• DATA RECORDS:
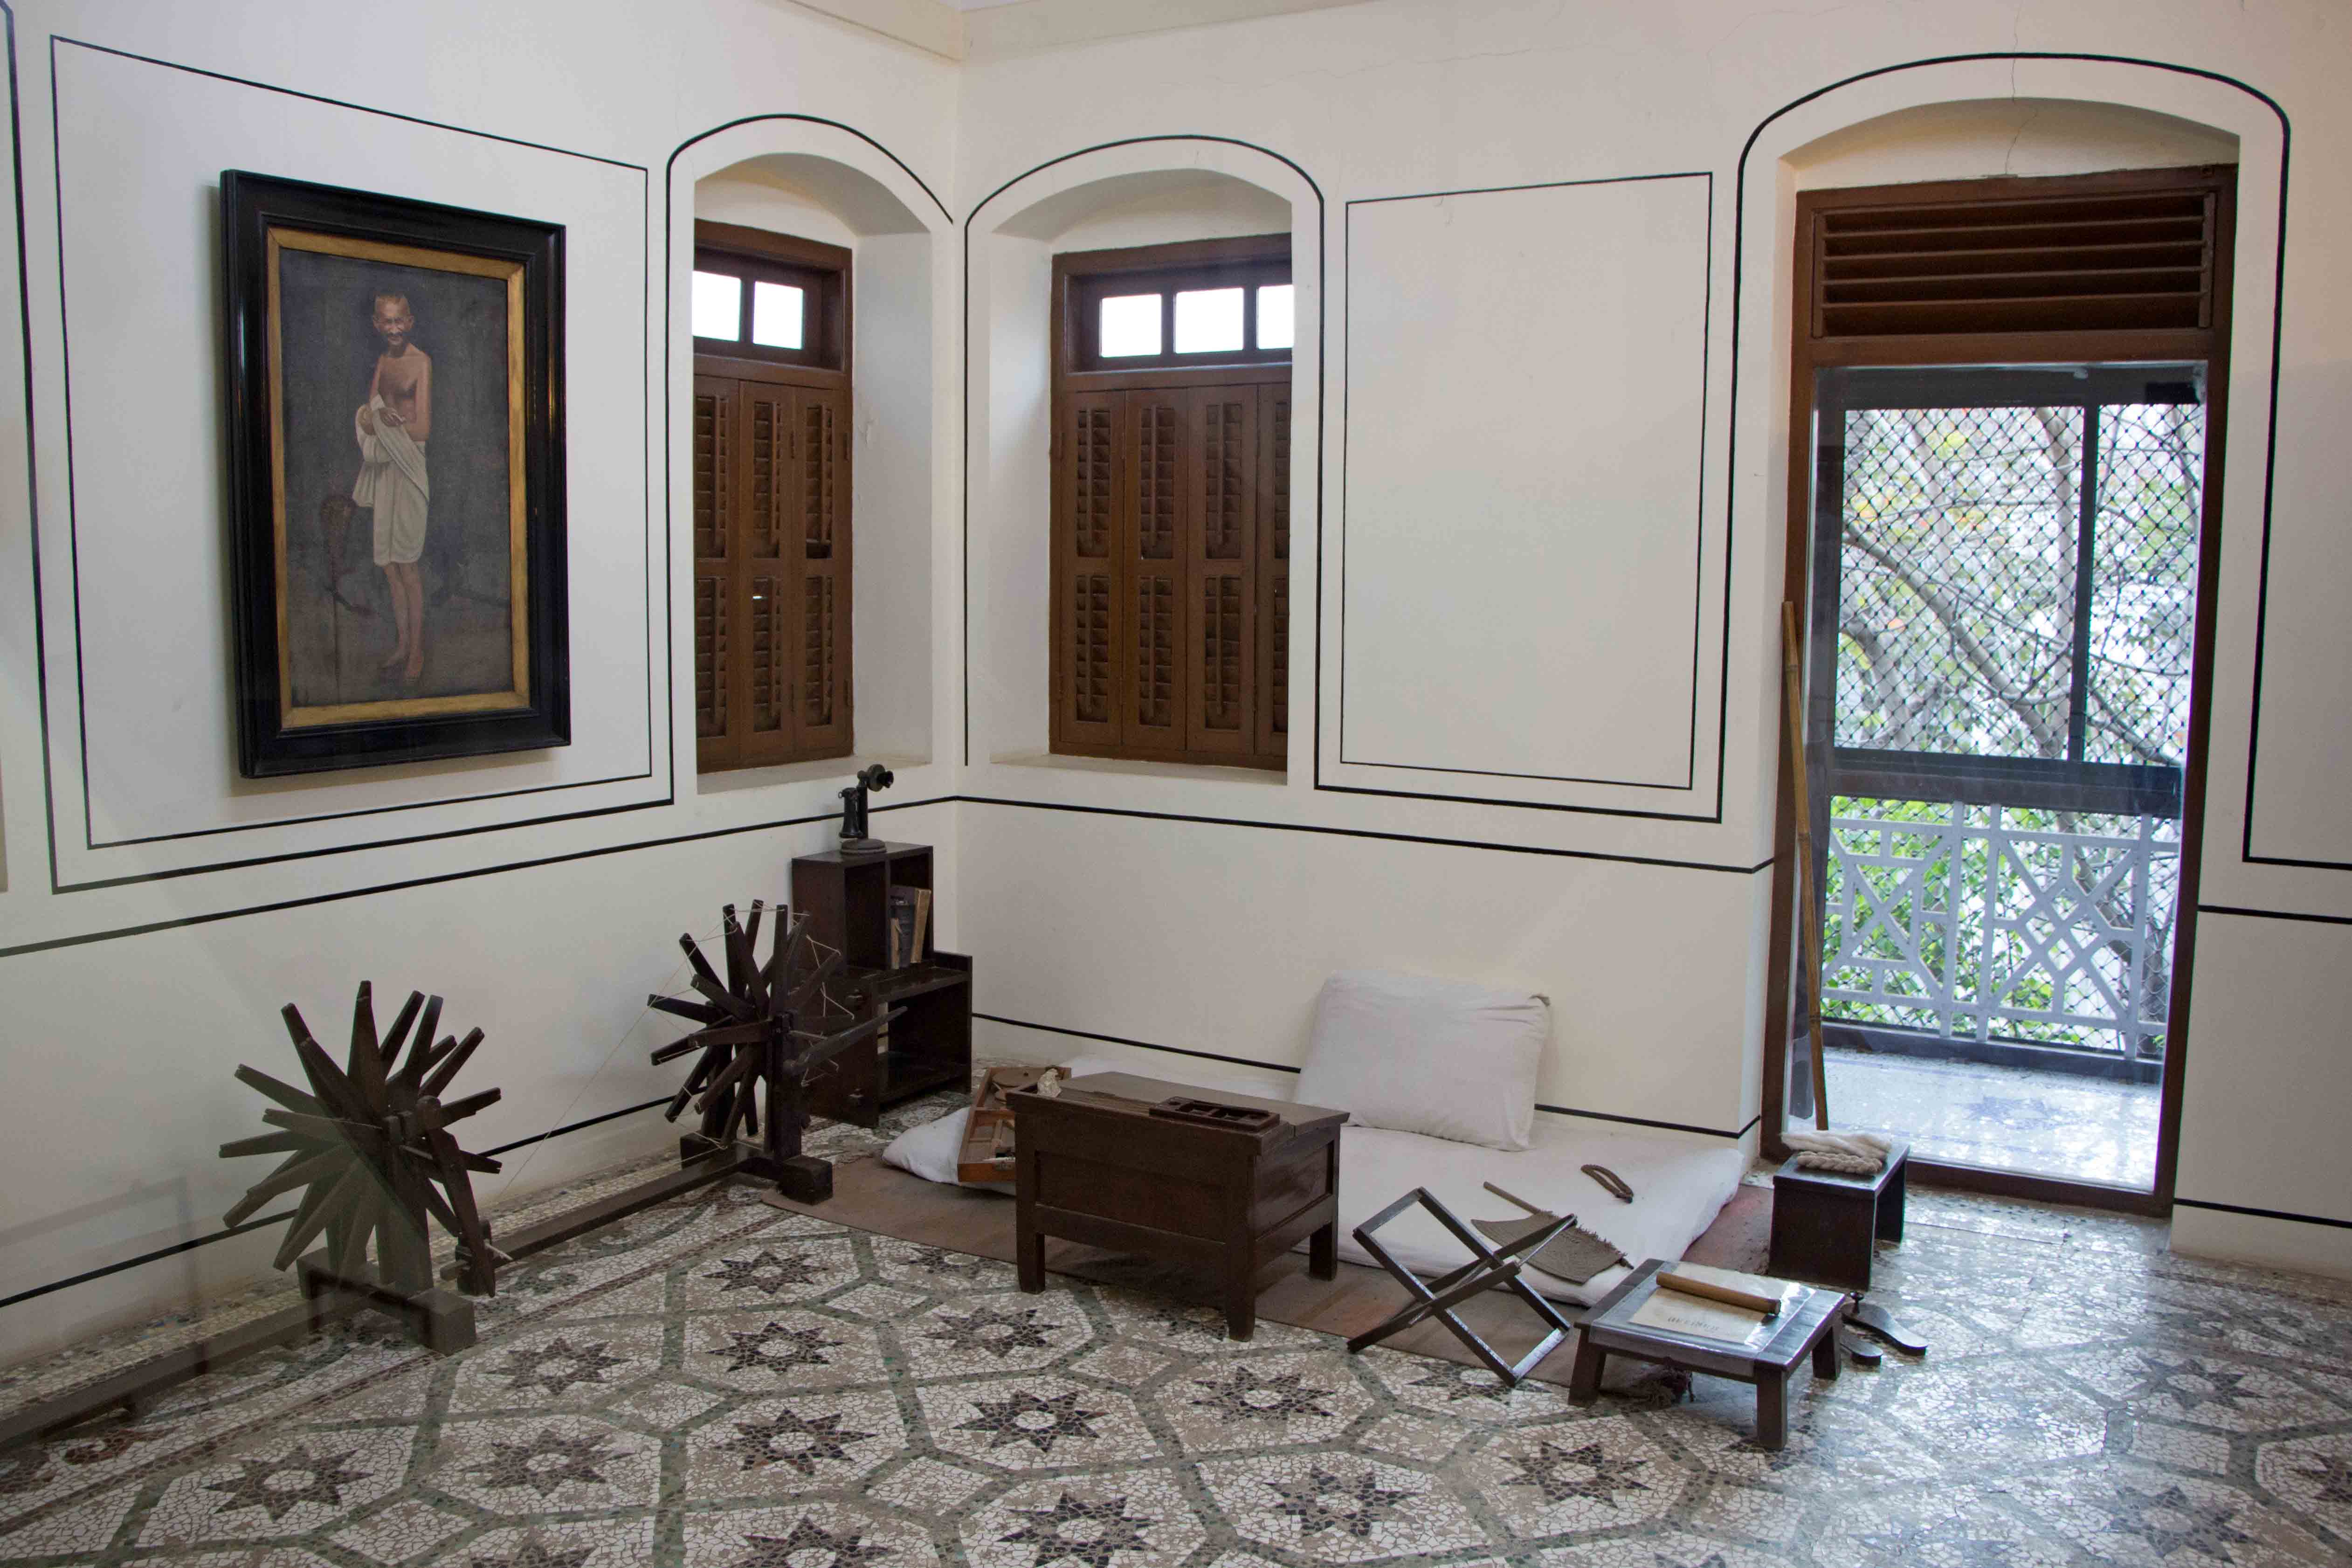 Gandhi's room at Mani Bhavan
--
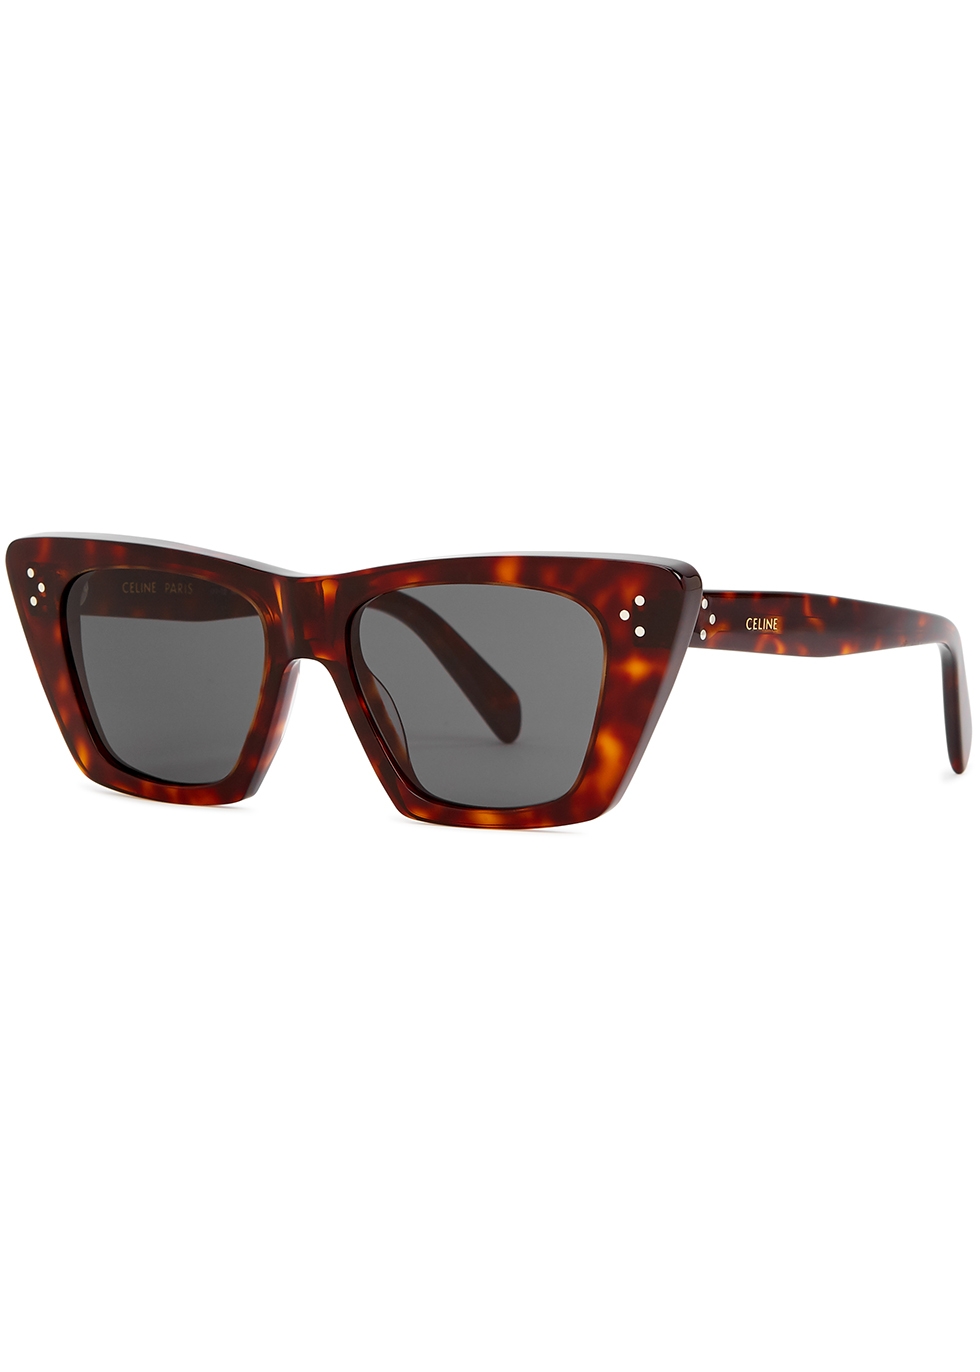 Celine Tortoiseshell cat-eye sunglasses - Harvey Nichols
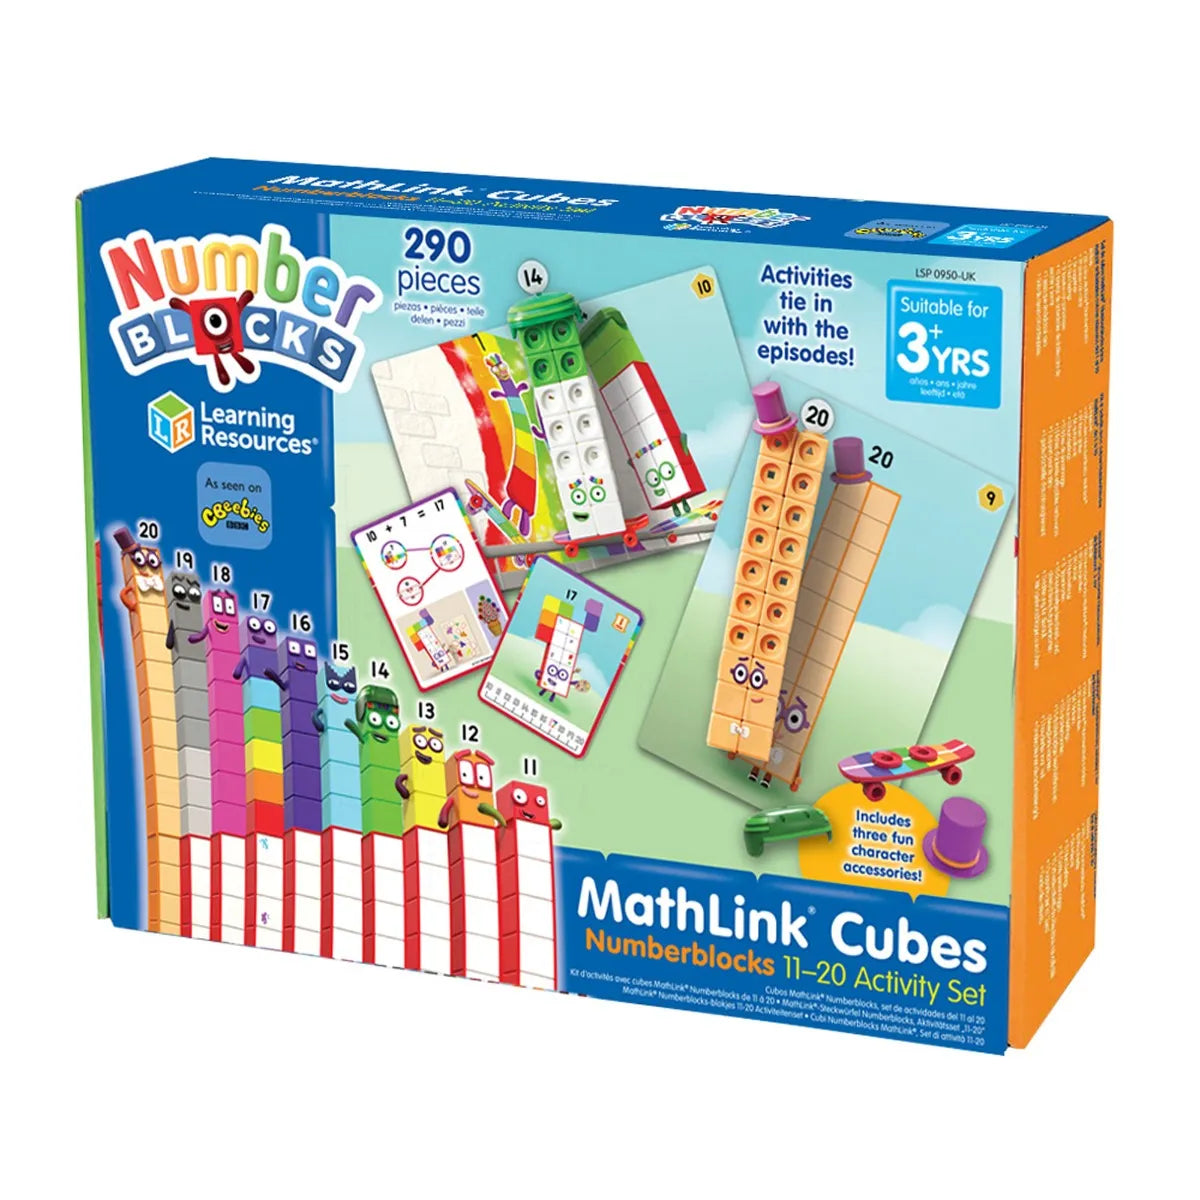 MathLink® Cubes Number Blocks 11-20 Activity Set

• EXERCISE PROMPT:
In the listing above, find the line containing "Celine Tortoiseshell cat-eye" and the line containing "MathLink® Cubes Number". Reproduce those lines and all between them exactly, with no pictures and nothing more.

• THE COMPLETED TASK:
 Celine Tortoiseshell cat-eye sunglasses - Harvey Nichols
 MathLink® Cubes Number Blocks 11-20 Activity Set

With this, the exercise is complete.